**Dataset extract**.
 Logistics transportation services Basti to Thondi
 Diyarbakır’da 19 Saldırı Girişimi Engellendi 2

---

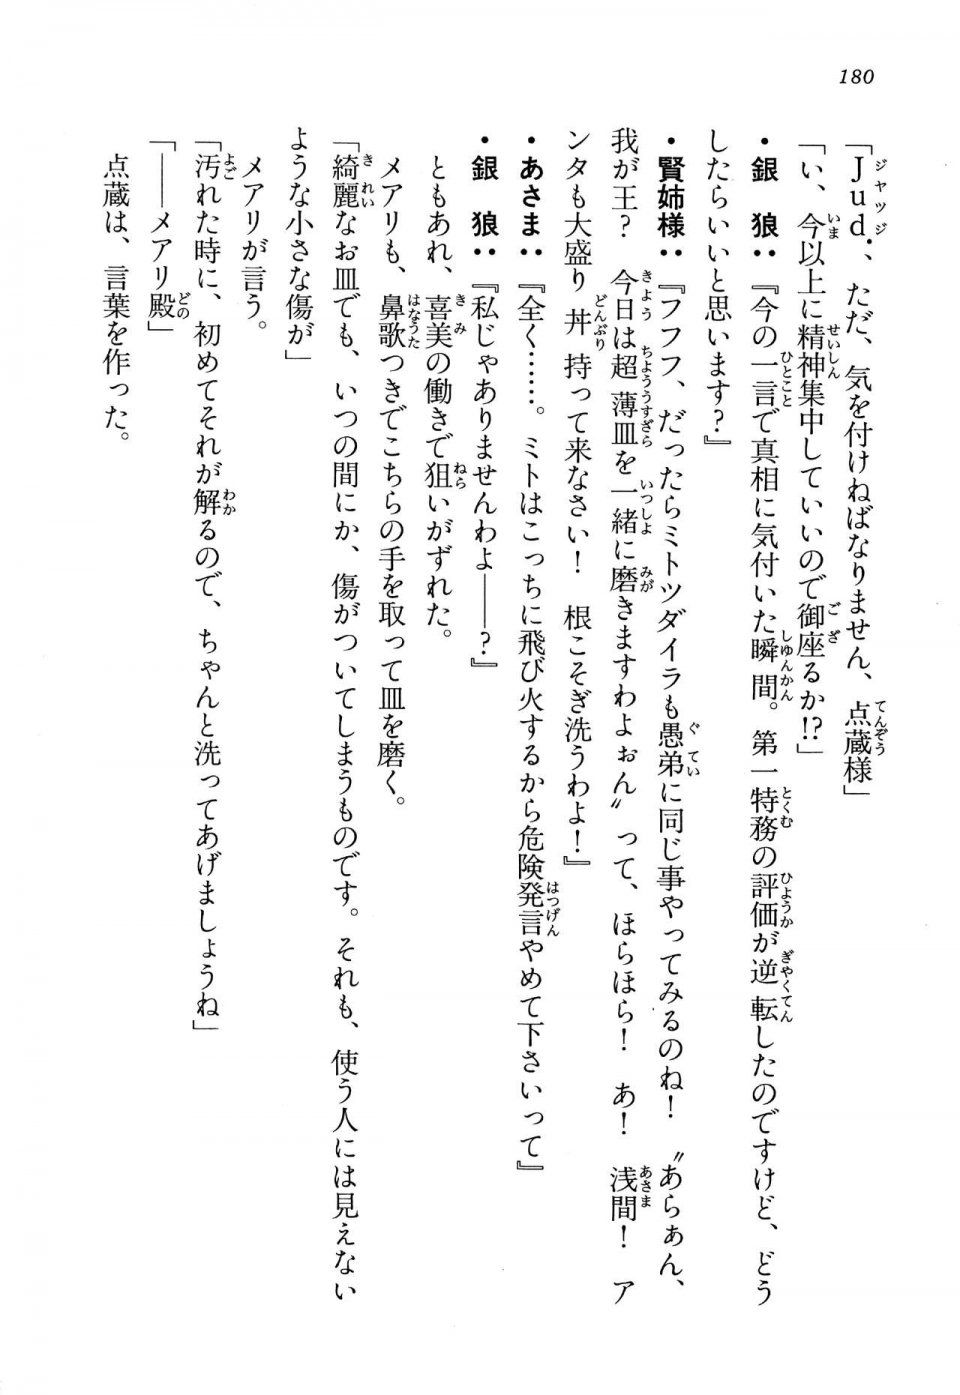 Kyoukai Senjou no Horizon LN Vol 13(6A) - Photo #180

**Task details**.
Above are the records; from them, give again exactly the lines from the one containing "Logistics transportation services" to the one containing "Diyarbakır’da 19 Saldırı", both lines included, and nothing more.

**Written response**.
 Logistics transportation services Basti to Thondi
 Diyarbakır’da 19 Saldırı Girişimi Engellendi 2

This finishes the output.